- _Task details_
Tally every line of the entries that contains the string "based", then reply with only that number.

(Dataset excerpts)
· · · ·
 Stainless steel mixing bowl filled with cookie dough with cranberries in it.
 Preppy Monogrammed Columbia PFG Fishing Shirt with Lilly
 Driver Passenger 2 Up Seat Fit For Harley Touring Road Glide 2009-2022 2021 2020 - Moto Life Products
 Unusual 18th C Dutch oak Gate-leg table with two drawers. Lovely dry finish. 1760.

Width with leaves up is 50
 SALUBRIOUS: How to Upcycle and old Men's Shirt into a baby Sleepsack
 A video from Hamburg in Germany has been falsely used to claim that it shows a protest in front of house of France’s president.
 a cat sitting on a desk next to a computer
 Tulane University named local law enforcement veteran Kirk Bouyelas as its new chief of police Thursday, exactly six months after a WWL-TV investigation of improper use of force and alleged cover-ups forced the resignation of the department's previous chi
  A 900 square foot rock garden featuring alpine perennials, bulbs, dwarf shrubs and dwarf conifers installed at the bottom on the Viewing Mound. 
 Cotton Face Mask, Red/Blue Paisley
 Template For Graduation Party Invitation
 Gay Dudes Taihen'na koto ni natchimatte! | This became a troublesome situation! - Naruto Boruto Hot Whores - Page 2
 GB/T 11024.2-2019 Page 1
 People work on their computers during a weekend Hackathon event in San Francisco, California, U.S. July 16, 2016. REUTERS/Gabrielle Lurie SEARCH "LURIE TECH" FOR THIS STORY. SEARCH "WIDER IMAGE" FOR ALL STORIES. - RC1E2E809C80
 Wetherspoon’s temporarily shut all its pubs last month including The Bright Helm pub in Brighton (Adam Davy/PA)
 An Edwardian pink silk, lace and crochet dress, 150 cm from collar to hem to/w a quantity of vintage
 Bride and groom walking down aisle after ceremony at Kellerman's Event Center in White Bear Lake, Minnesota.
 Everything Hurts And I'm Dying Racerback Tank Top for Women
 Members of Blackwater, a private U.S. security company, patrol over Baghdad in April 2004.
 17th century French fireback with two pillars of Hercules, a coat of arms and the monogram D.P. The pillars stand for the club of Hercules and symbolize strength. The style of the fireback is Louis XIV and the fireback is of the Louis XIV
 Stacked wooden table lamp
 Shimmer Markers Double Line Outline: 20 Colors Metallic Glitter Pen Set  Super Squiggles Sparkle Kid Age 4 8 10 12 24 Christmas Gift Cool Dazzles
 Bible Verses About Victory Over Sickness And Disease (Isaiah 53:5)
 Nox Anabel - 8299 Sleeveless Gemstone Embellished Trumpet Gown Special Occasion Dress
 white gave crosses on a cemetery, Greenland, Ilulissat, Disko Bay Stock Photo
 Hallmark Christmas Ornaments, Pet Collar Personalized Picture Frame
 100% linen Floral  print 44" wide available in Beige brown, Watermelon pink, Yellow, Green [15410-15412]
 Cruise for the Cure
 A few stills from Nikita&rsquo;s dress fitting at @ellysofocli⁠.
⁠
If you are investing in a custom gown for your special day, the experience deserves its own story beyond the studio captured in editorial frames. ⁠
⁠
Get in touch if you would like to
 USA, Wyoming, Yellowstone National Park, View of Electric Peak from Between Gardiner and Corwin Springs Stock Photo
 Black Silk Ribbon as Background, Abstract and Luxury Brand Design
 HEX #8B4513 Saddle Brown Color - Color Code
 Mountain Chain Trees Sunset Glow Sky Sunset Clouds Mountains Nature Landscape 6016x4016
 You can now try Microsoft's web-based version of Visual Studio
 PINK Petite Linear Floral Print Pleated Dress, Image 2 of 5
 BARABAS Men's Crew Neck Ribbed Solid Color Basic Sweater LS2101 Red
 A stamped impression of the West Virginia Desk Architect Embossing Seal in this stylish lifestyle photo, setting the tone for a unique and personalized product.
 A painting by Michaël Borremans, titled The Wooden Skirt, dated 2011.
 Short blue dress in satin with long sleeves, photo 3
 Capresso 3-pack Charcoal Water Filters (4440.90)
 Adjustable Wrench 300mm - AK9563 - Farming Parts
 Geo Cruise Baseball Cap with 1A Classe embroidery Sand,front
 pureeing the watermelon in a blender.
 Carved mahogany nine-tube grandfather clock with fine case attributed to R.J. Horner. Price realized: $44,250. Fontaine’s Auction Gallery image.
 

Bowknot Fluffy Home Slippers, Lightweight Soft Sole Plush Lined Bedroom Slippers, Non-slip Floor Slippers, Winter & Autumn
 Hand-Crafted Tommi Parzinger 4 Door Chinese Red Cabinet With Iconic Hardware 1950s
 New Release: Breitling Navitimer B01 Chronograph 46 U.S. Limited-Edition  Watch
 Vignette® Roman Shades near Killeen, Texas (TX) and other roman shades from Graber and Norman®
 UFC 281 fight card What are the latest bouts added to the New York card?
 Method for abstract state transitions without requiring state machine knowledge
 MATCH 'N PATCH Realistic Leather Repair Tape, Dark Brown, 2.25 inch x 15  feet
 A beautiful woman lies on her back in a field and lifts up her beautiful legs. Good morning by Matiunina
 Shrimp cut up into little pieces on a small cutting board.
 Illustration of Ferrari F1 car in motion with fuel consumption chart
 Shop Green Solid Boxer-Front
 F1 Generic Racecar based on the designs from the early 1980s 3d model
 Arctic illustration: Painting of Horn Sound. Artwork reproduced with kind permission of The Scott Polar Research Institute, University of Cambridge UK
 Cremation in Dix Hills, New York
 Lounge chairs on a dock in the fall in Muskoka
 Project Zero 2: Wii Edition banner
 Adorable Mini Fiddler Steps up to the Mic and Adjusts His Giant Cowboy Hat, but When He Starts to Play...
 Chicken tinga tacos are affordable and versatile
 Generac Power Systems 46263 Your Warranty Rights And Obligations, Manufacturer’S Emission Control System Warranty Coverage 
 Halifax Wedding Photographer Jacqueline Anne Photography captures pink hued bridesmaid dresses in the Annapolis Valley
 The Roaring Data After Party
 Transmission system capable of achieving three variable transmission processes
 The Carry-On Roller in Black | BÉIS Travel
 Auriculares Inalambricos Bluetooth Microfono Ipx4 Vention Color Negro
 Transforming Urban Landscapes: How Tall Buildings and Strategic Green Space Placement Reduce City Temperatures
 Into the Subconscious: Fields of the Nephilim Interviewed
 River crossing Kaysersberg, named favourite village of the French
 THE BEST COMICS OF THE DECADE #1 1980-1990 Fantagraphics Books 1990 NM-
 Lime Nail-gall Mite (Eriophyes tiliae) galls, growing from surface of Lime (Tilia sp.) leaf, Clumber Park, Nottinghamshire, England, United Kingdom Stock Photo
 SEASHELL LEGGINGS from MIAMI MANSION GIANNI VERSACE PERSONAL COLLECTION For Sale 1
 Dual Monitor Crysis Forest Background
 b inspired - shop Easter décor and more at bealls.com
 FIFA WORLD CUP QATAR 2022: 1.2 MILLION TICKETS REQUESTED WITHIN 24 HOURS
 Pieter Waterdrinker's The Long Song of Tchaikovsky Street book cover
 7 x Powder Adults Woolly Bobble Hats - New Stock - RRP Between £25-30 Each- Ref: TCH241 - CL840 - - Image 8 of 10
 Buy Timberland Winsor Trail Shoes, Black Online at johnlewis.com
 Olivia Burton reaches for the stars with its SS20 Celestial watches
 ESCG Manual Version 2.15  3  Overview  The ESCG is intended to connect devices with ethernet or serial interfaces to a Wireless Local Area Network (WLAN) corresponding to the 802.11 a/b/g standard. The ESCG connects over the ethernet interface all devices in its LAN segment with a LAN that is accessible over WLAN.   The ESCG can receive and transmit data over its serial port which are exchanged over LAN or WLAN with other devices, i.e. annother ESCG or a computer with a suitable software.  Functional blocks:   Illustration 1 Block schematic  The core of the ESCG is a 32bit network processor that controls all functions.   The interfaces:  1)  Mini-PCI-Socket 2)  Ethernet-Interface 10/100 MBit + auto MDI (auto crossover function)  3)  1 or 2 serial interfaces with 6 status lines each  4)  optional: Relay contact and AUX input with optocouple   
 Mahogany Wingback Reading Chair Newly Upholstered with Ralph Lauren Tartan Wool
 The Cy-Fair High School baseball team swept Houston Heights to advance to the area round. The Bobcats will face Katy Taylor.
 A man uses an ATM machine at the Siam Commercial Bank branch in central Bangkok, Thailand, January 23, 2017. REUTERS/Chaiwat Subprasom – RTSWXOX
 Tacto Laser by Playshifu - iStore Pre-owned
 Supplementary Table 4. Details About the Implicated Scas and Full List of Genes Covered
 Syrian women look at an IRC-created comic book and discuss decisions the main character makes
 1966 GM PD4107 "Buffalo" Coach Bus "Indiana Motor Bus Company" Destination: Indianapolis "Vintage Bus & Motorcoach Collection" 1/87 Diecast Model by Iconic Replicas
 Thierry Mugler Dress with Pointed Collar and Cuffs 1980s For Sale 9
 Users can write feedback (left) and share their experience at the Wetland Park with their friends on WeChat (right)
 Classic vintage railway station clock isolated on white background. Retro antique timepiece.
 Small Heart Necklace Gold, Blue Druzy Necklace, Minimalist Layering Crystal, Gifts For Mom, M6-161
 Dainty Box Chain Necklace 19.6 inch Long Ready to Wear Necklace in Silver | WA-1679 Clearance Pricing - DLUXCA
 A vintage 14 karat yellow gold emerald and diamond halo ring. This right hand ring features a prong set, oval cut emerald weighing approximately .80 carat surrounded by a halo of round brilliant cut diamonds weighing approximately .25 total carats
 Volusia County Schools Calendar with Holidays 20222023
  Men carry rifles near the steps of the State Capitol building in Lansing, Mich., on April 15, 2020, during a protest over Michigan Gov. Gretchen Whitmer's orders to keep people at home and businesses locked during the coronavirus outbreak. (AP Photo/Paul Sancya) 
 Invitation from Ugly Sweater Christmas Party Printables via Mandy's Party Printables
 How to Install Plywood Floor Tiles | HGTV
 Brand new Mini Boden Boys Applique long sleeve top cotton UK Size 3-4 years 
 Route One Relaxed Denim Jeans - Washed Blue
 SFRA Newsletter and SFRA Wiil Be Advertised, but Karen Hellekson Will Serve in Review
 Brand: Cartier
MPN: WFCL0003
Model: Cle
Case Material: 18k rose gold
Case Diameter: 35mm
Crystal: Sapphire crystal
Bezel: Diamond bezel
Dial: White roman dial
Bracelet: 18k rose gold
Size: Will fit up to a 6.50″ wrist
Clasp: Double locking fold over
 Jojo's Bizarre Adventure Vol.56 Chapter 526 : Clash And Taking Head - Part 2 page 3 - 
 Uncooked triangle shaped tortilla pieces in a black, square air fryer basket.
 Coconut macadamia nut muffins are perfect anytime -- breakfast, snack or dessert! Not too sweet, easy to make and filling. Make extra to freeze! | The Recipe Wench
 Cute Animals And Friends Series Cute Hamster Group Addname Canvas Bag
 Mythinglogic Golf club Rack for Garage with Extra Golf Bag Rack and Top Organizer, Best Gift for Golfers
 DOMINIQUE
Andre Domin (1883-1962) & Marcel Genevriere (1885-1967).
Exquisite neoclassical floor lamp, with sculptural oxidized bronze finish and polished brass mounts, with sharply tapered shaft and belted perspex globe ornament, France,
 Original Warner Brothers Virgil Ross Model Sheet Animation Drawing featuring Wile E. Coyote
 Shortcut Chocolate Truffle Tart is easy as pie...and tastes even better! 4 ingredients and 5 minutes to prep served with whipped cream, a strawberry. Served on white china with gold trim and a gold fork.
· · · ·
- _Answer to the exercise_
2